● **Problem details**
Reproduce the records without their pictures, keeping every word as it is.

[Dataset excerpts]
BEGIN

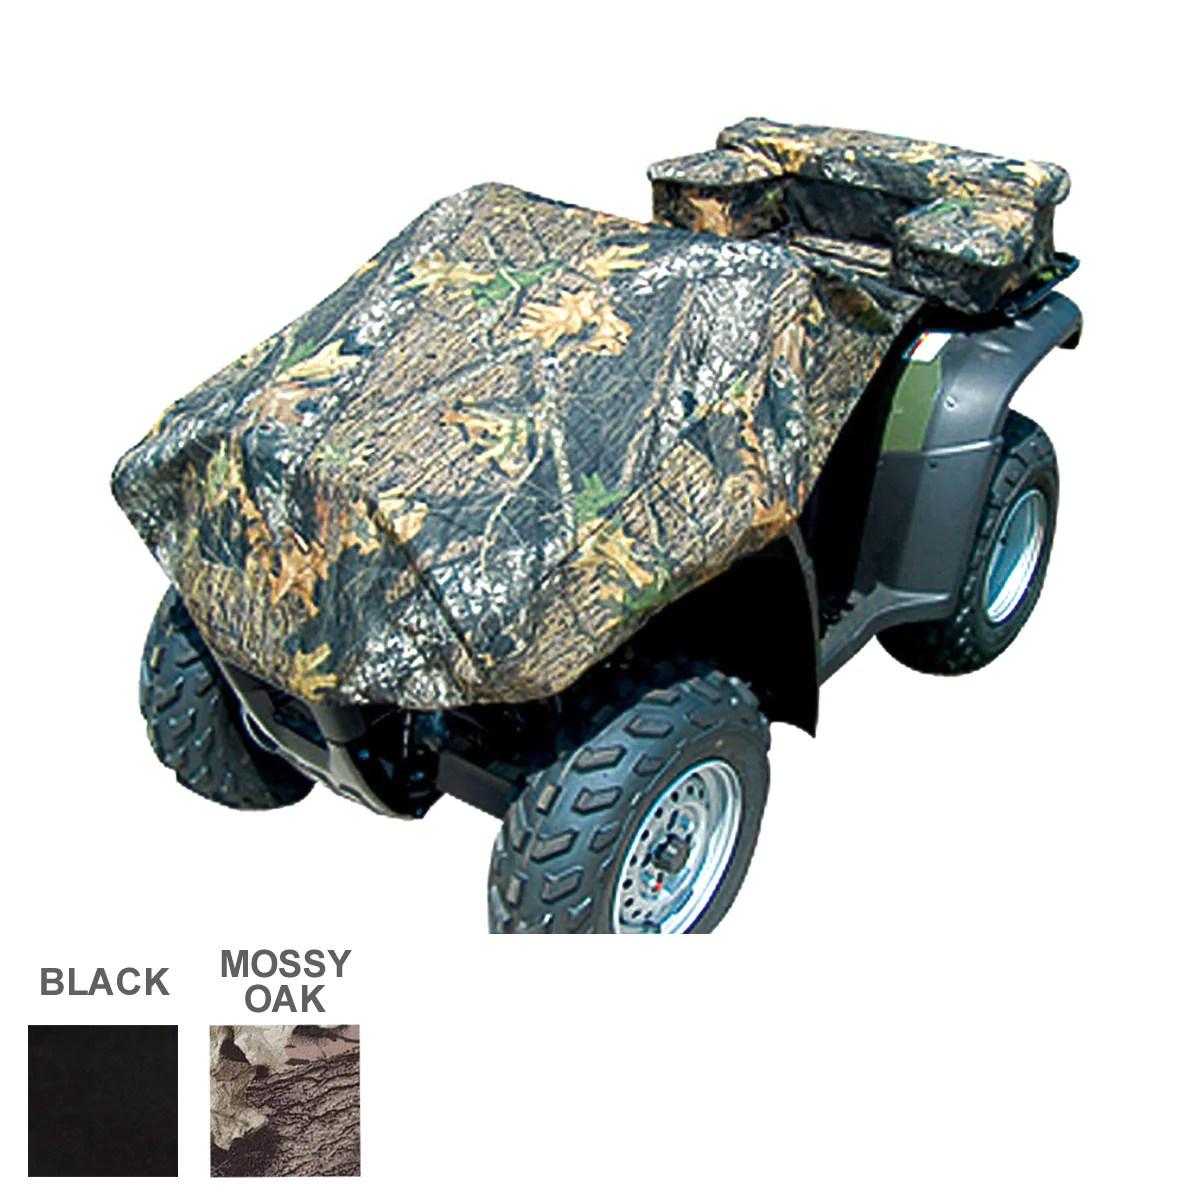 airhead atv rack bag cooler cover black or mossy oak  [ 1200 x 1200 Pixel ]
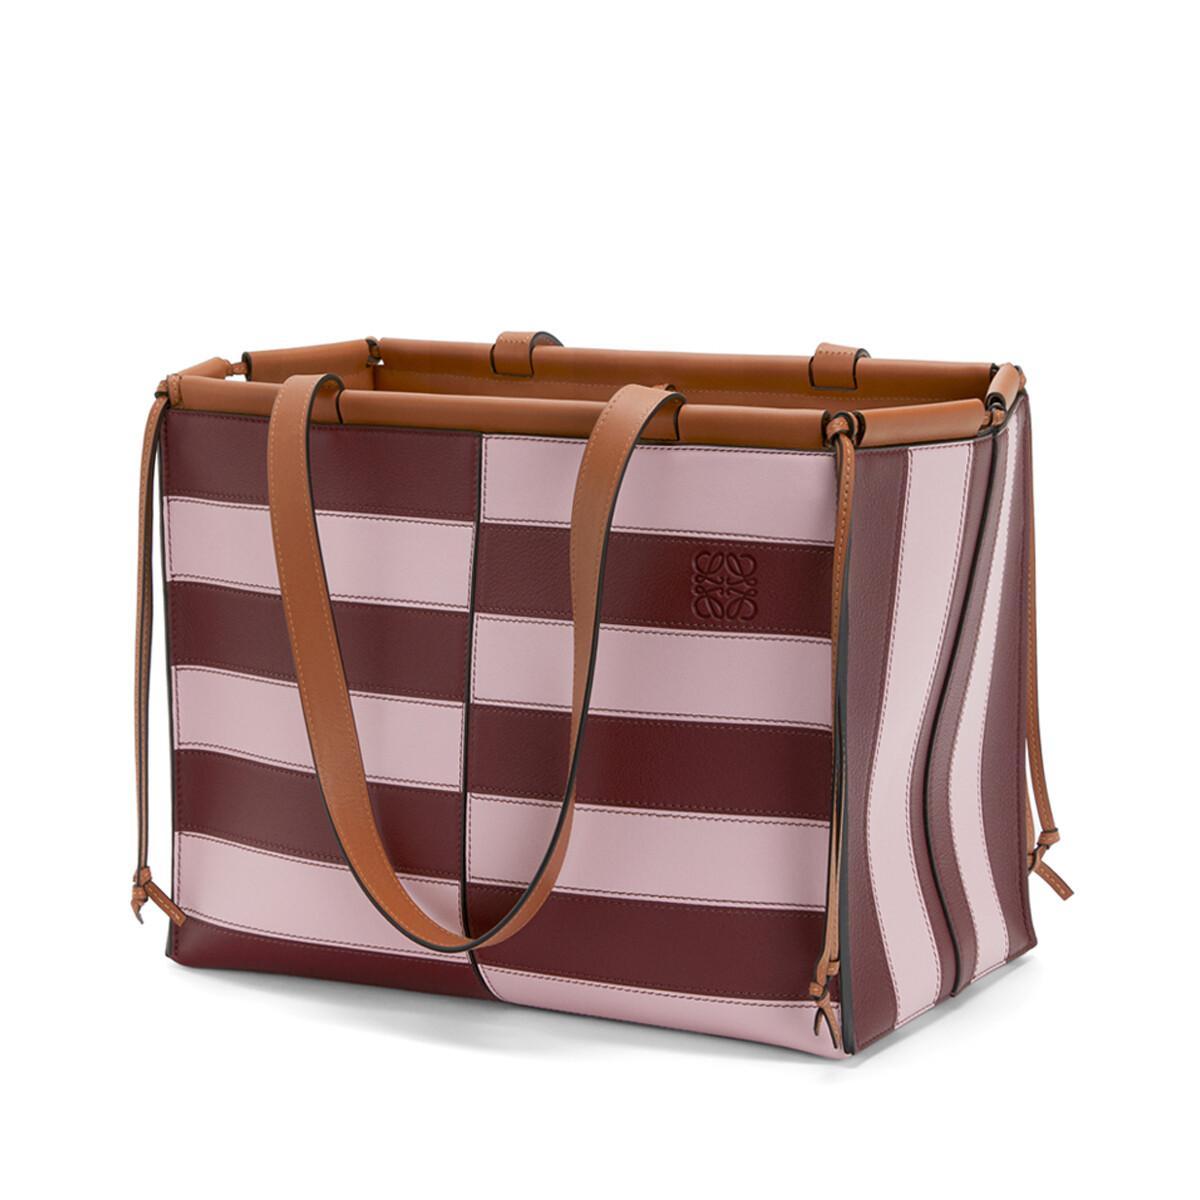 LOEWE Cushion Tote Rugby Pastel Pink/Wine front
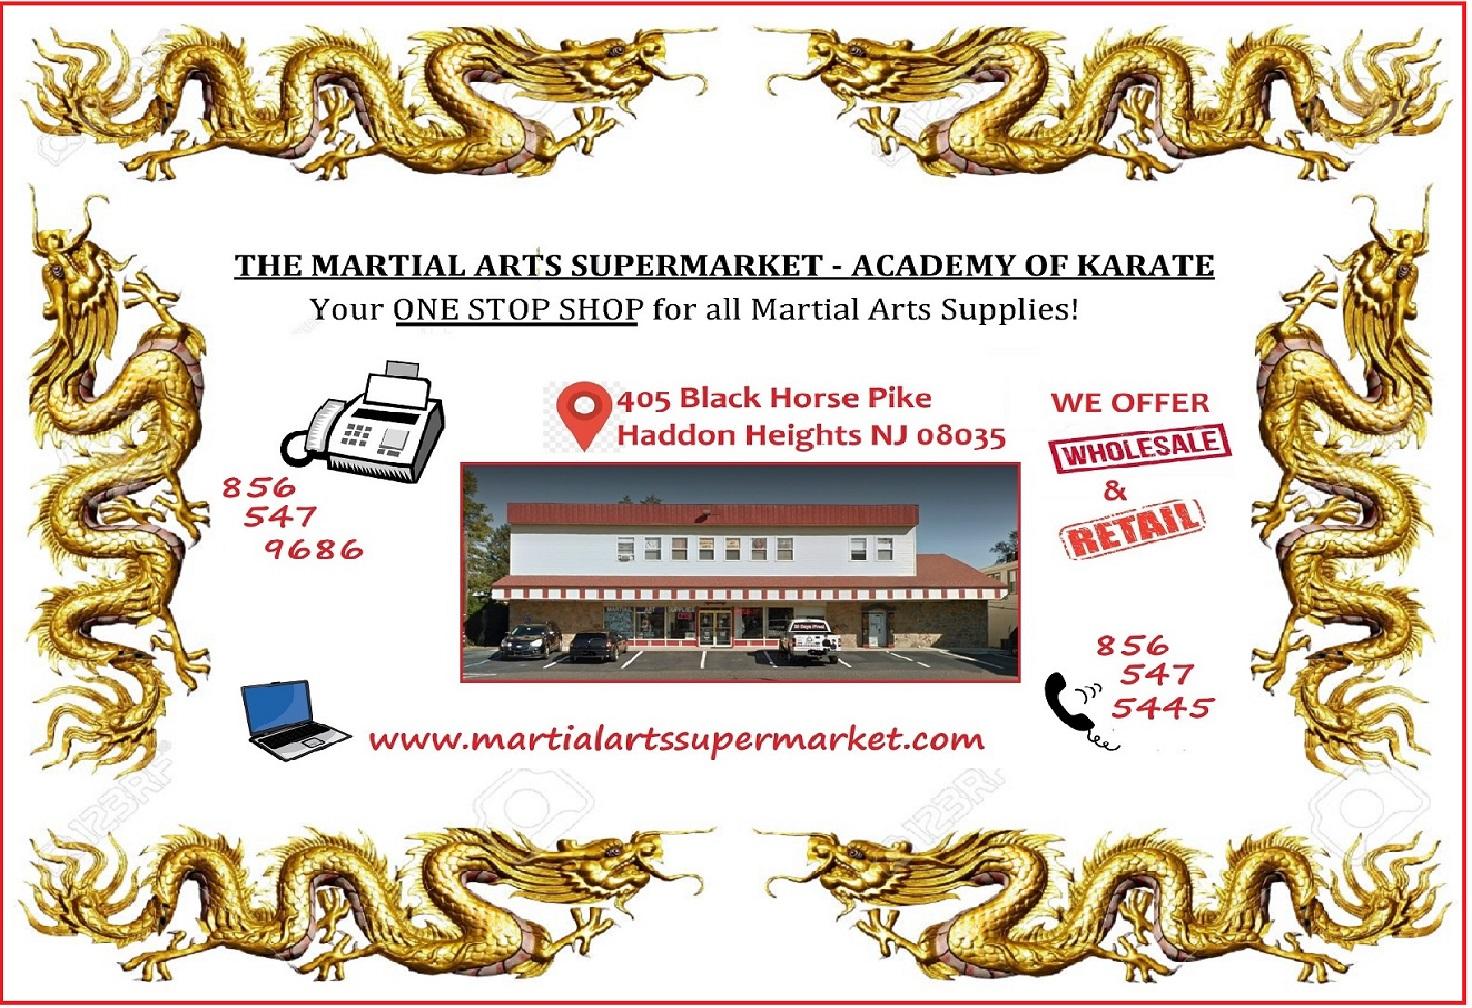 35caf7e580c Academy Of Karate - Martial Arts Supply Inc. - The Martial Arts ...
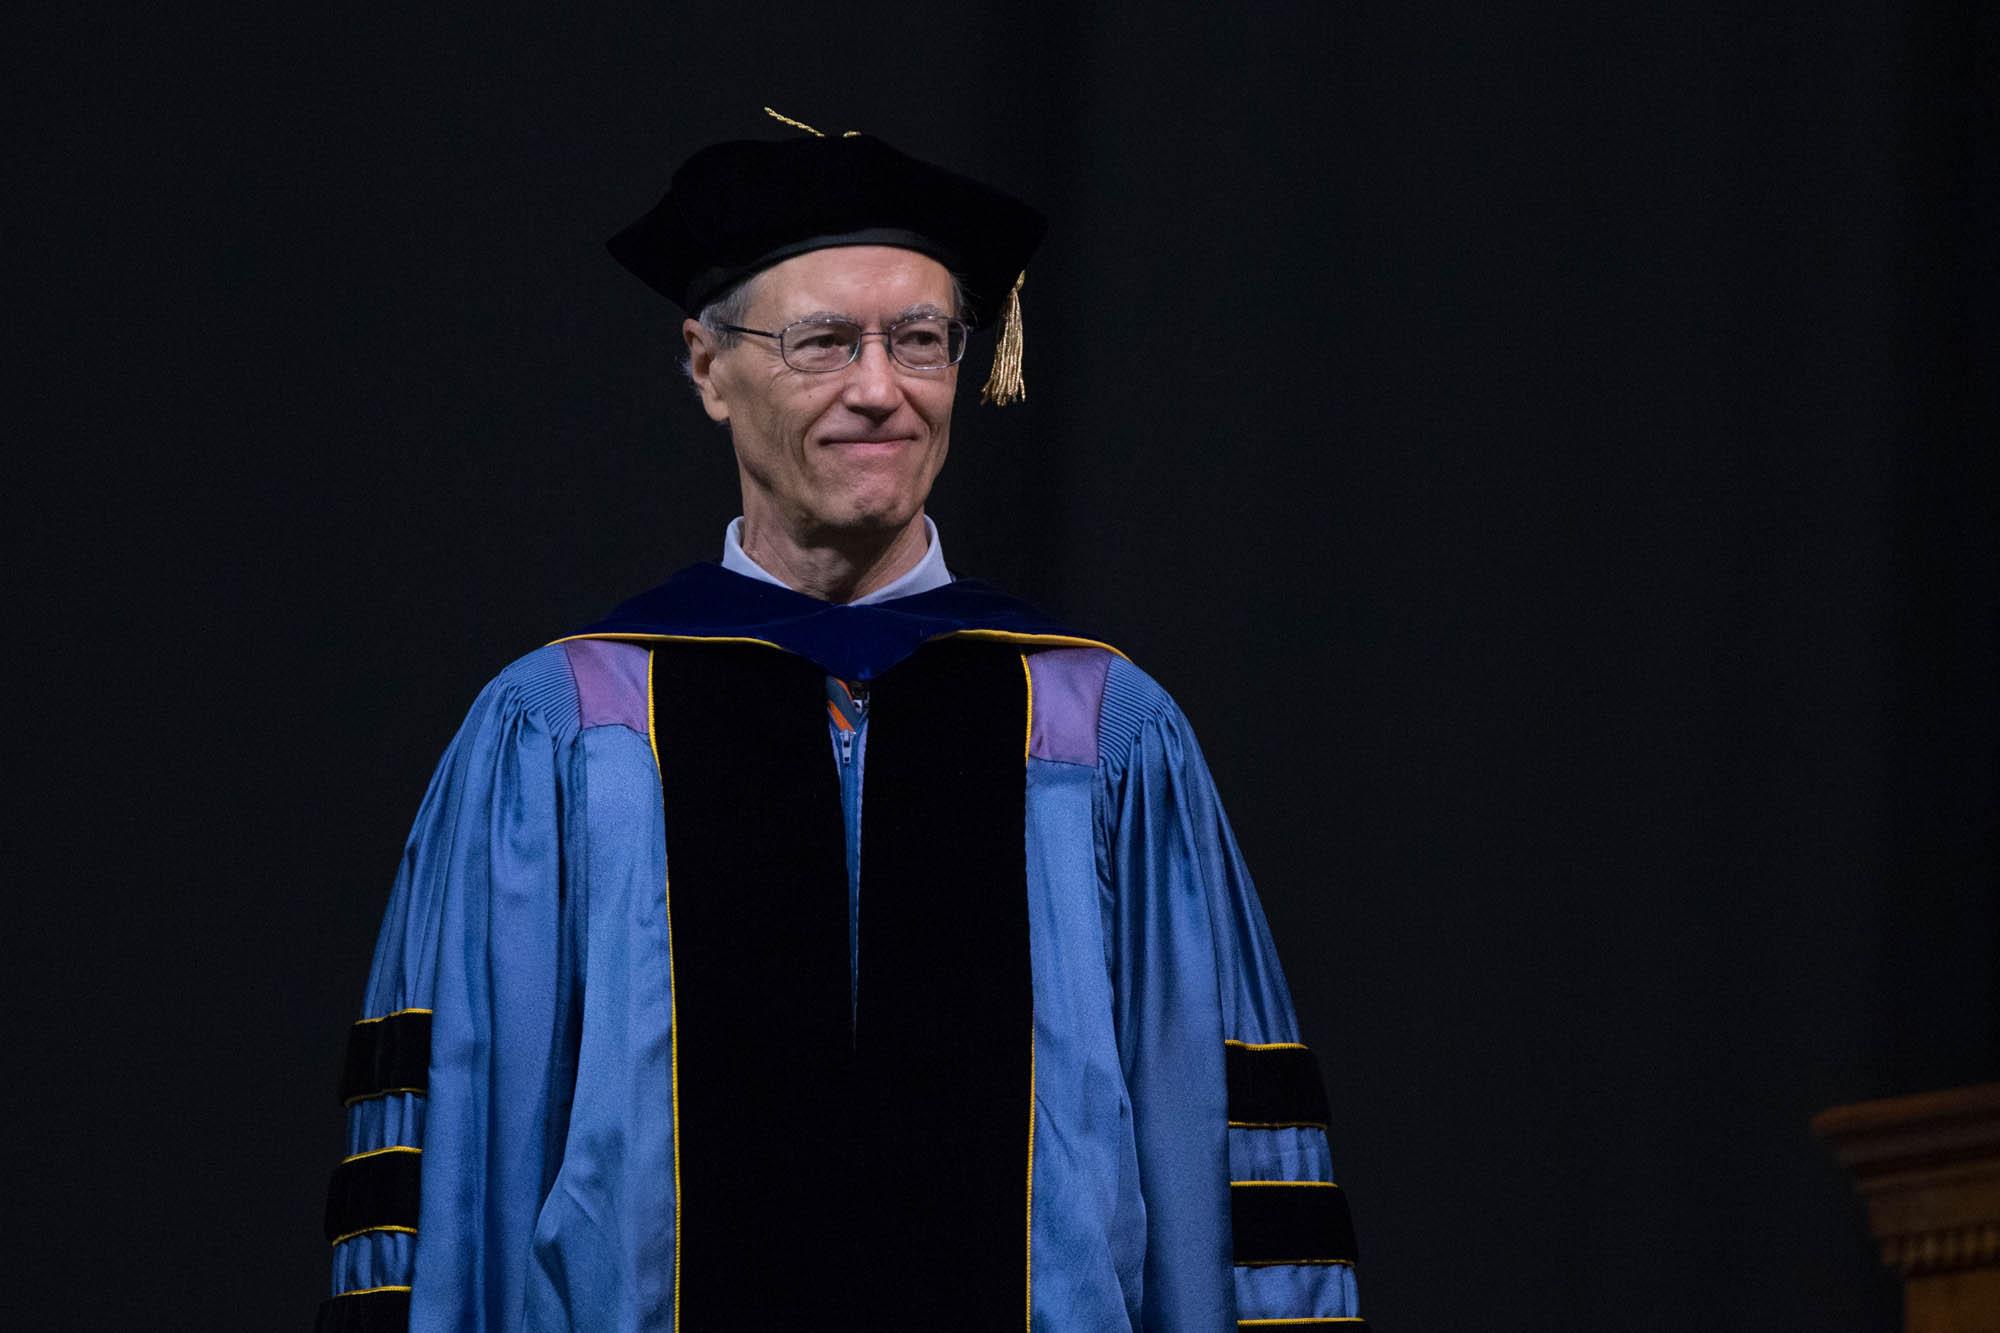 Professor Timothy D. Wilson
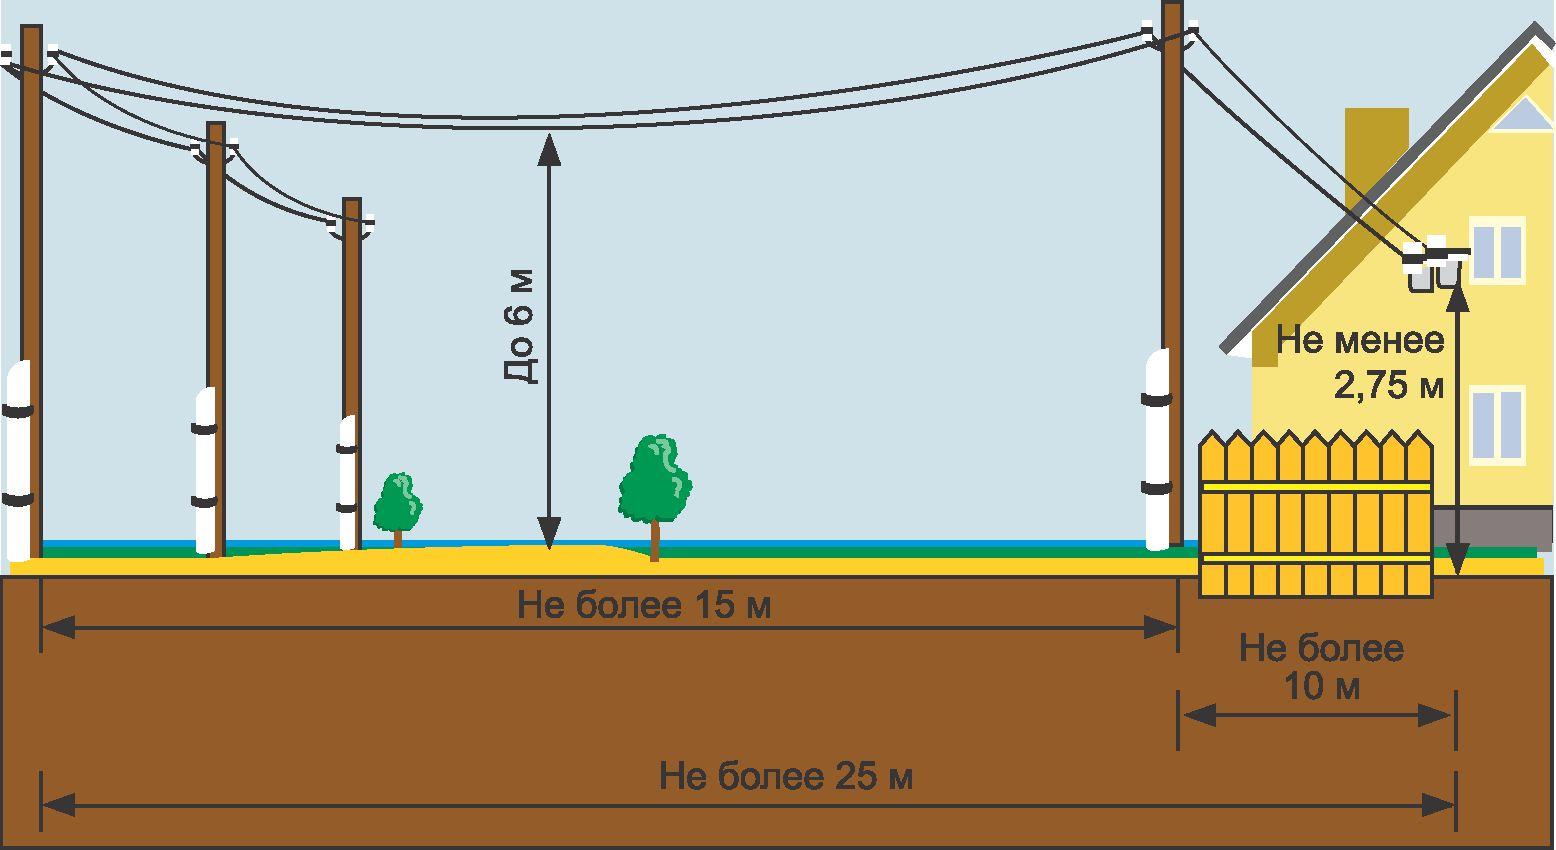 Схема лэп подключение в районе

END

● **Response area**
 airhead atv rack bag cooler cover black or mossy oak  [ 1200 x 1200 Pixel ]
 LOEWE Cushion Tote Rugby Pastel Pink/Wine front
 35caf7e580c Academy Of Karate - Martial Arts Supply Inc. - The Martial Arts ...
 Professor Timothy D. Wilson
 Схема лэп подключение в районе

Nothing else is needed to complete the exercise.